Task requirements:
Would you print the listing that follows exactly, but without its pictures?

Exercise data:
____
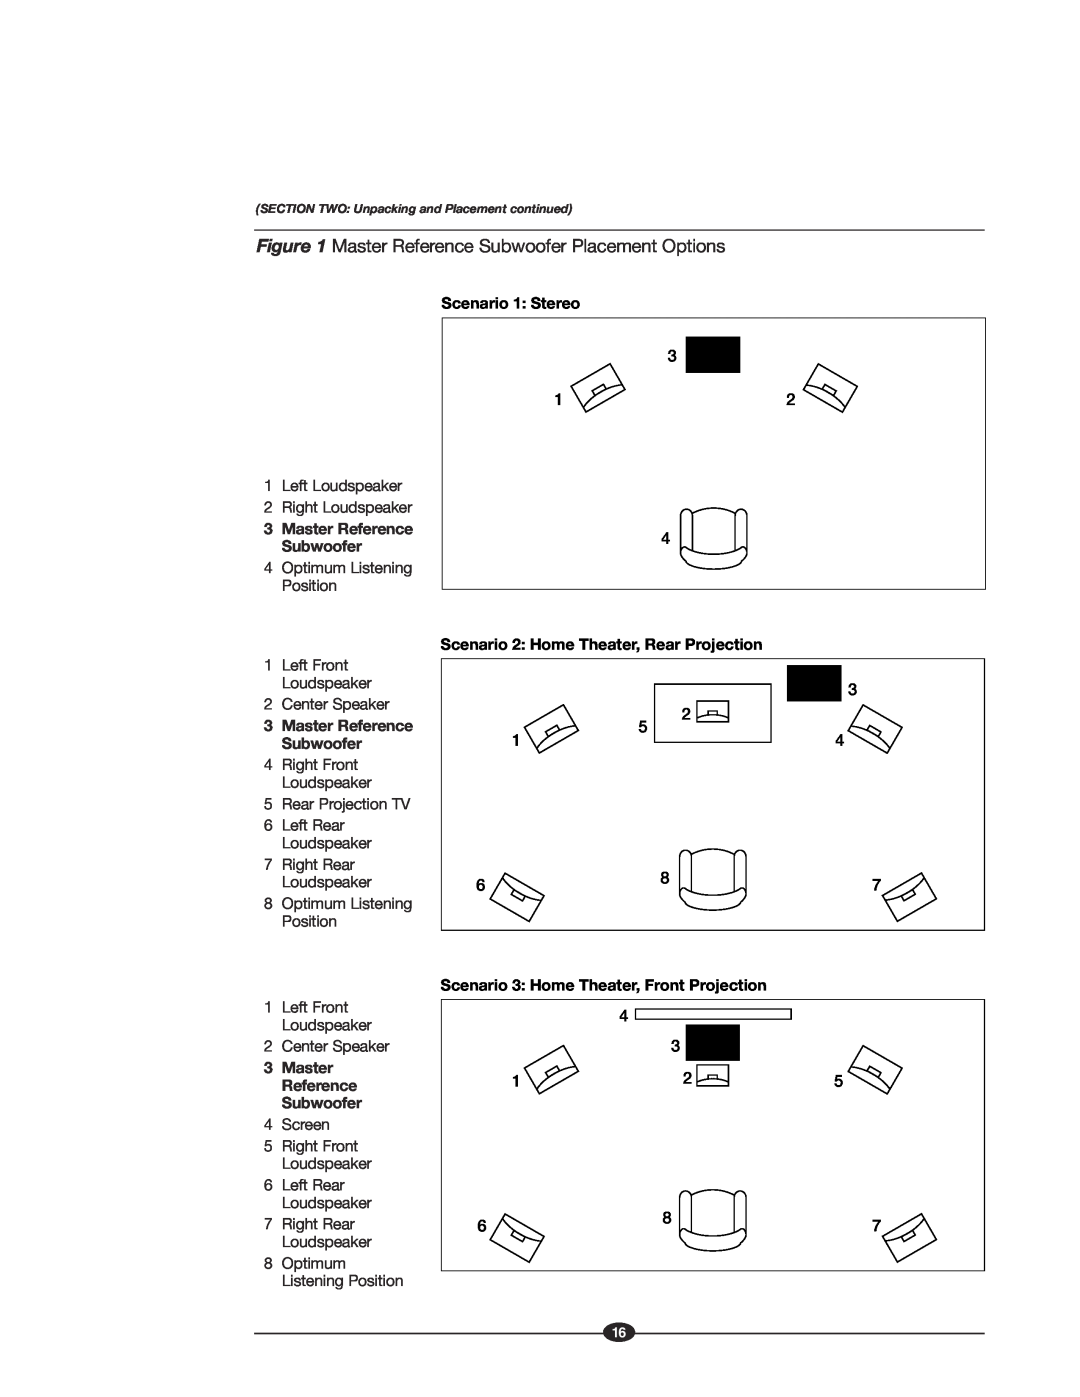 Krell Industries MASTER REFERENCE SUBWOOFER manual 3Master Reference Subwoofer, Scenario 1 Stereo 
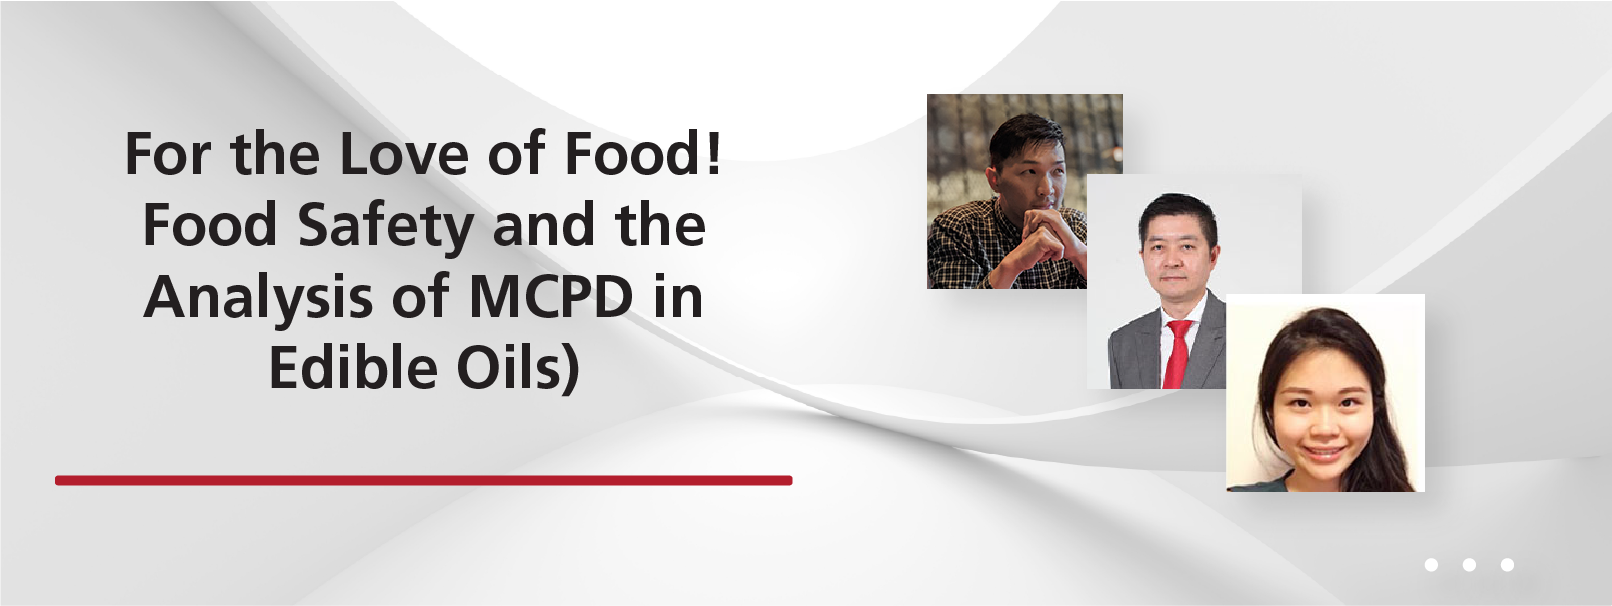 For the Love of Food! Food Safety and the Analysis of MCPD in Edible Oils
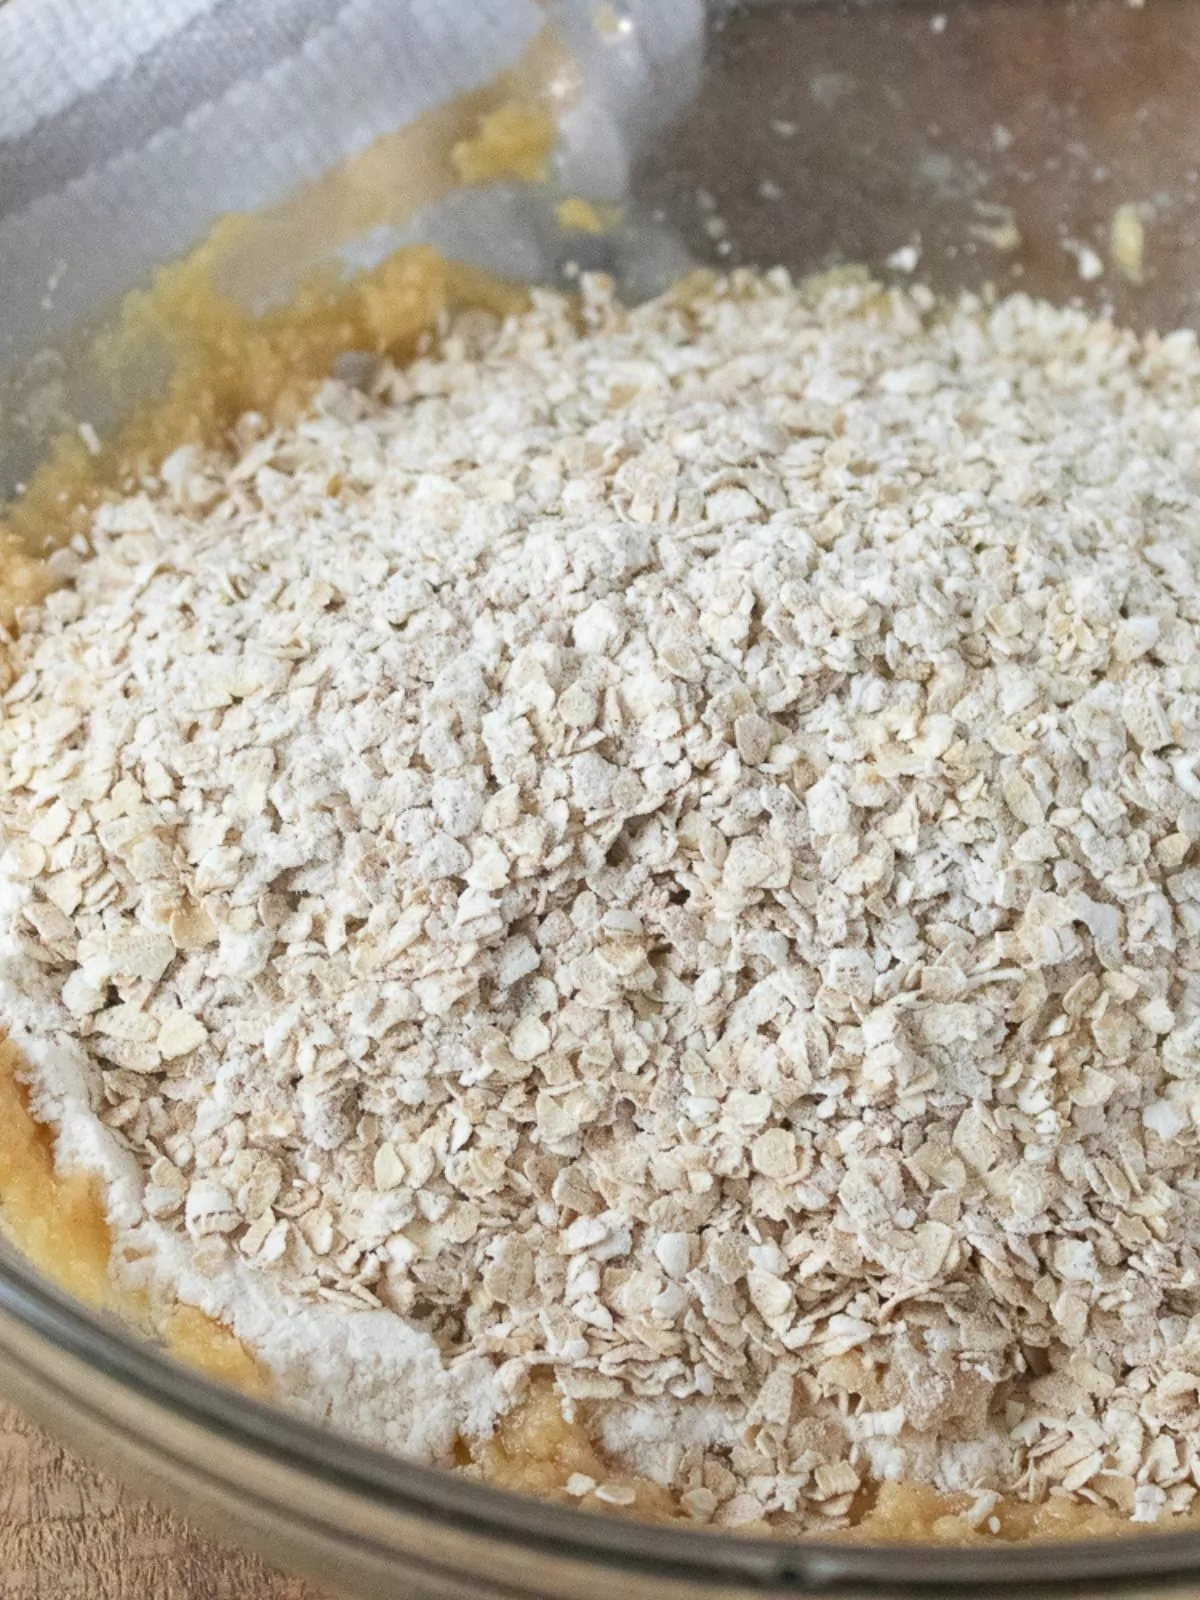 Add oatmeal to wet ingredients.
____
Solution:
 Krell Industries MASTER REFERENCE SUBWOOFER manual 3Master Reference Subwoofer, Scenario 1 Stereo 
 For the Love of Food! Food Safety and the Analysis of MCPD in Edible Oils
 Add oatmeal to wet ingredients.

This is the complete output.